Neue Kooperationsverträge für die stationären Einrichtungen

Wie vor geraumer Zeit schon in unserem Newsletter angekündigt,  sind vollstationäre Pflegeeinrichtungen nun nach dem Pflege-Neuausrichtungsgesetz (PNG) seit 01.01.2014 verpflichtet, die Pflegekassen regelmäßig und unmittelbar über Regelungen zur ärztlichen Versorgung sowie zur Arzneimittelversorgung in den Einrichtungen, z.B. über Kooperationsverträge mit Ärzten und Apotheken zu informieren. 

Die darin enthaltenen Informationen sollen von den Pflegekassen verständlich, übersichtlich und kostenfrei zur Verfügung gestellt werden. Pflegebedürftigen Menschen und deren Angehörigen soll damit die Suche nach einer passenden Einrichtung erleichtert werden. 

Diese Neuerungen wurden vom Selbsthilfenetzwerk Pro Pflege gefordert. Aufgrund erheblicher medizinischer Mängel bei der Versorgung der Pflegeheimbewohner und Bewohnerinnen mussten diese Schritte nun eingeleitet werden. 

Es sollen sich nun folgende Punkte verbessern: 

  • Gute, patientenfreundliche ärztliche und pharmakologische Dienstleistungen sollen angeboten werden
  • Die Beachtung gegebenenfalls vorhandener Patientenverfügungen, Vorsorgevollmachten und Hausärztlicher Anordnungen für den Notfall
  • Sicherstellung einer guten palliativ-medizinischen Versorgung und Begleitung der Pflegebedürftigen, was die Bereitstellung einer Palliativ-Fachkraft einschließt. 

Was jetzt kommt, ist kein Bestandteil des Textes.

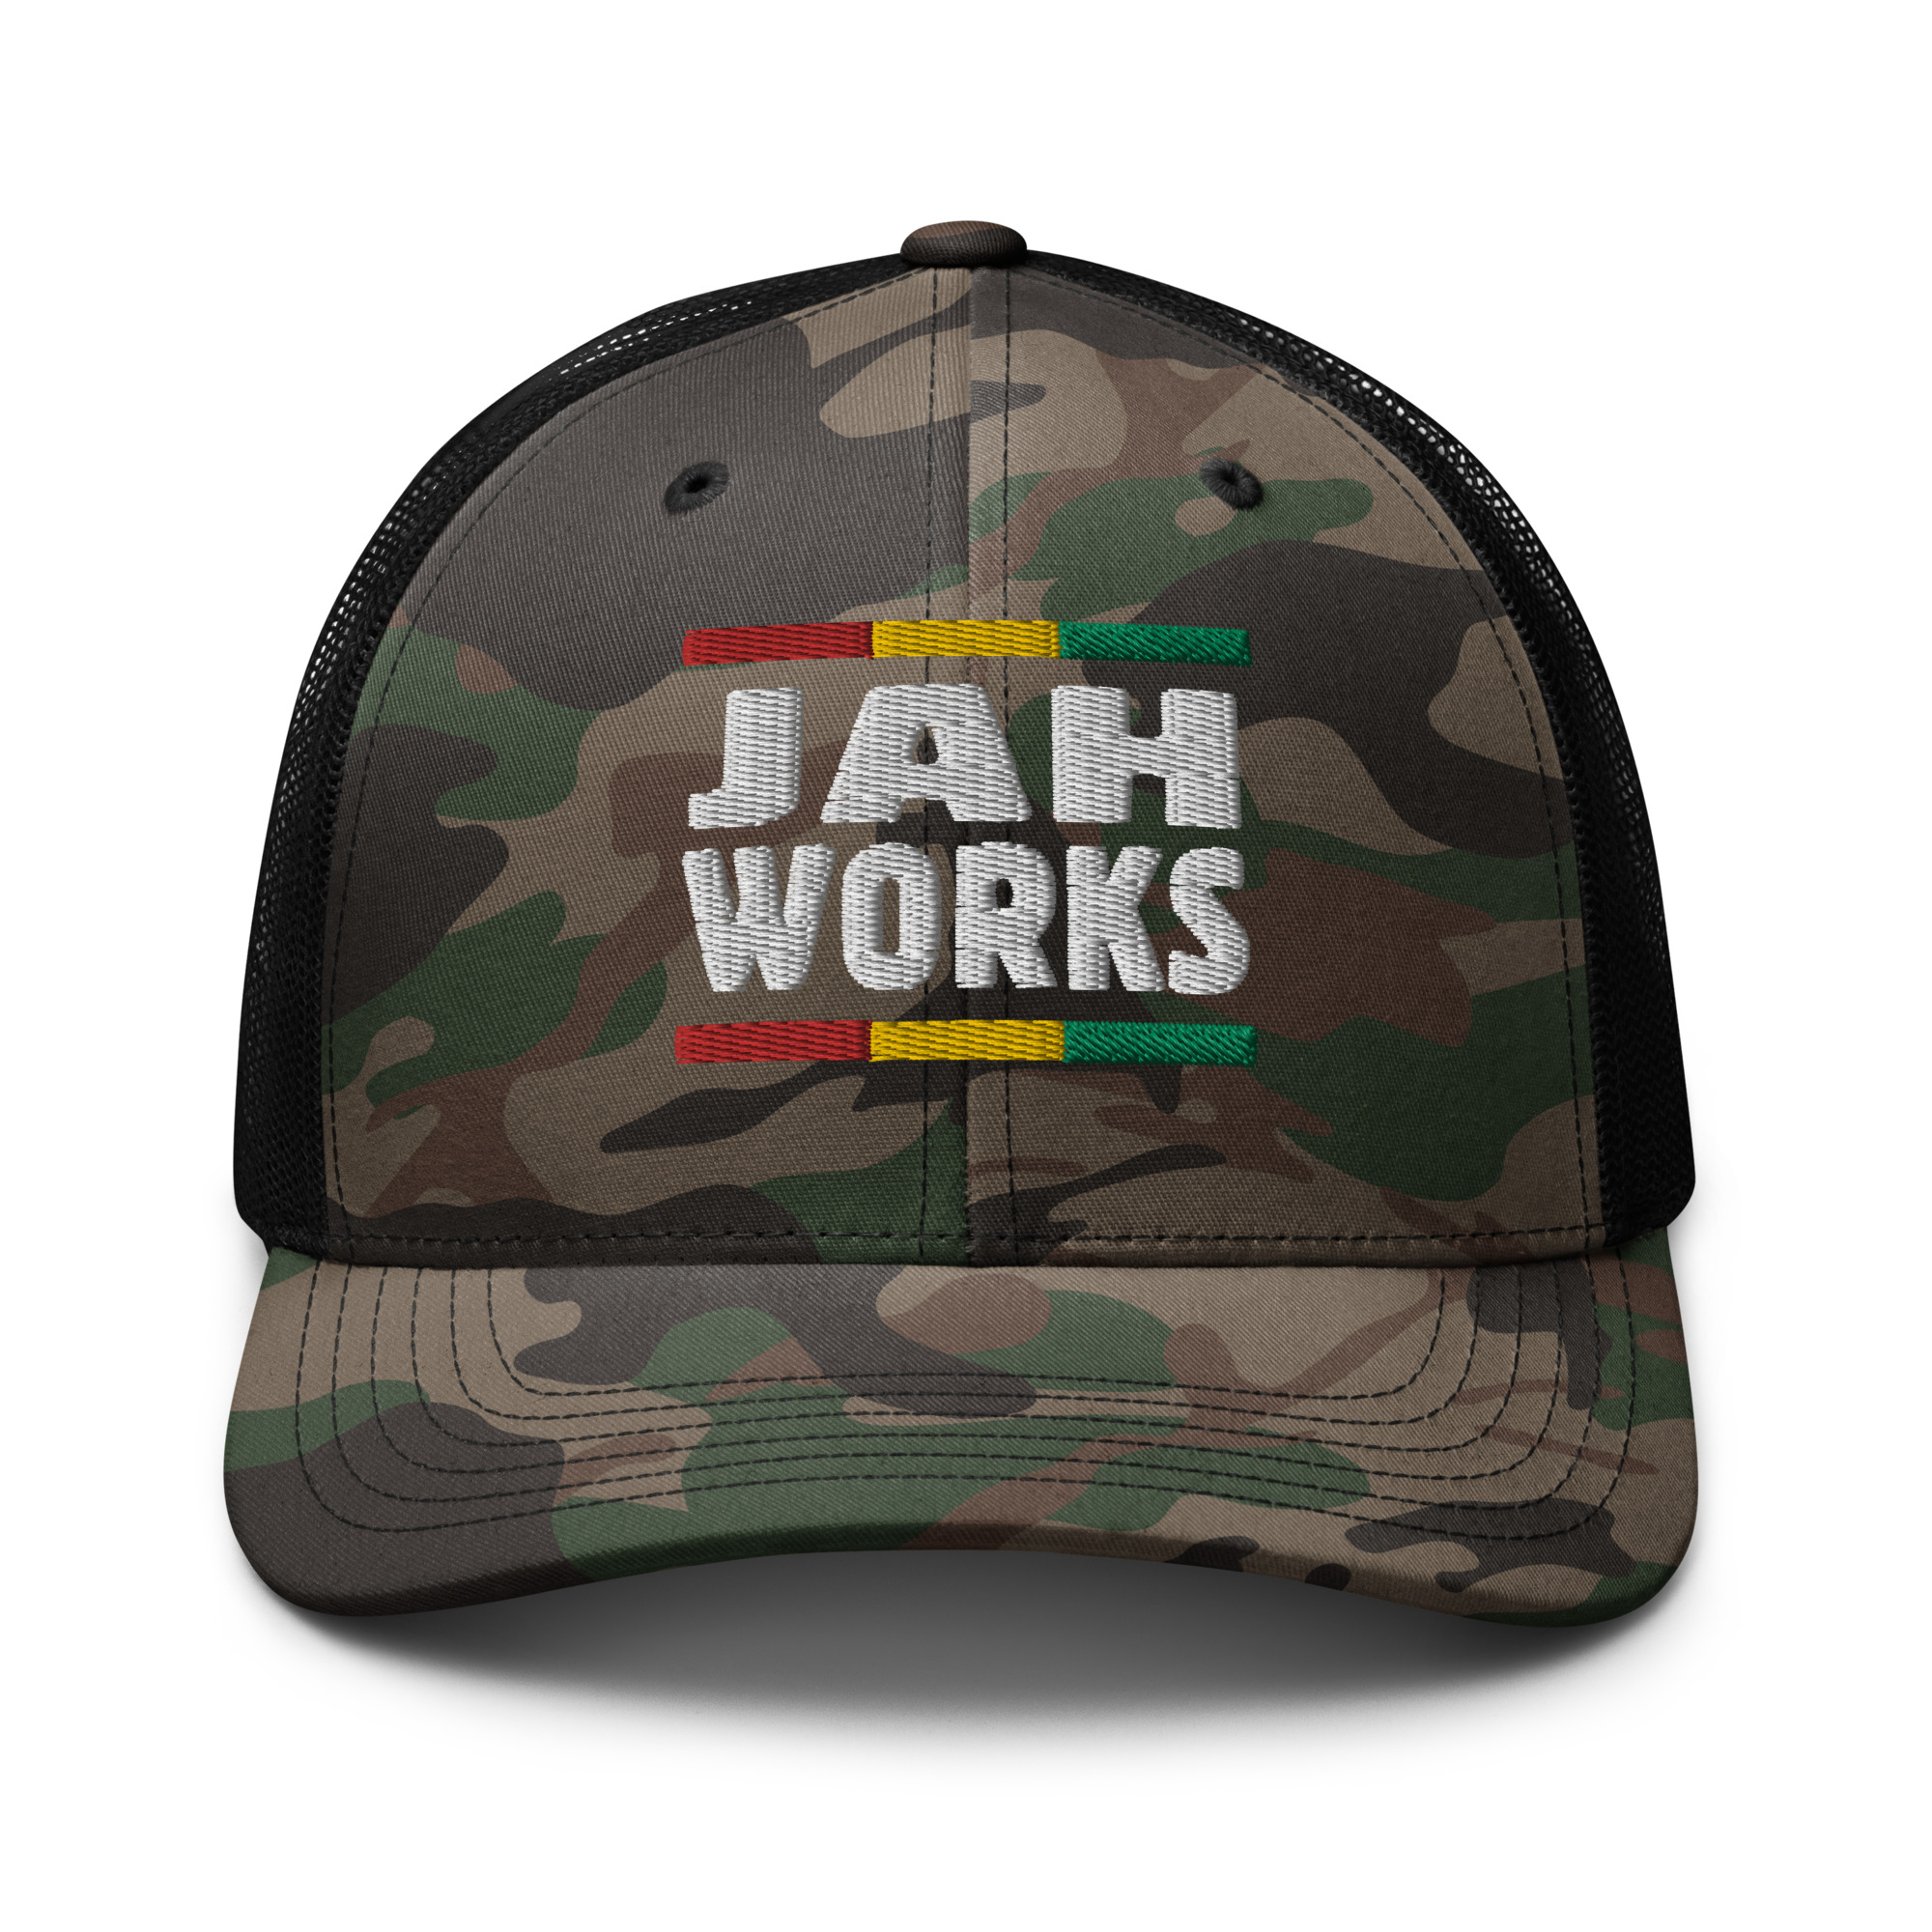 Jah Works Camouflage Trucker Cap

Das Recht auf eine freie Arztwahl soll davon unberührt bleiben. Dies wird auch in der am 01.01.2014 in Kraft getretene „Vereinbarung nach § 119b Abs. 2 SGB V zur Förderung der kooperativen und koordinierten ärztlichen und pflegerischen Versorgung in stationären Pflegeheimen“ (Anlage 27 BMV-Ä) deutlich.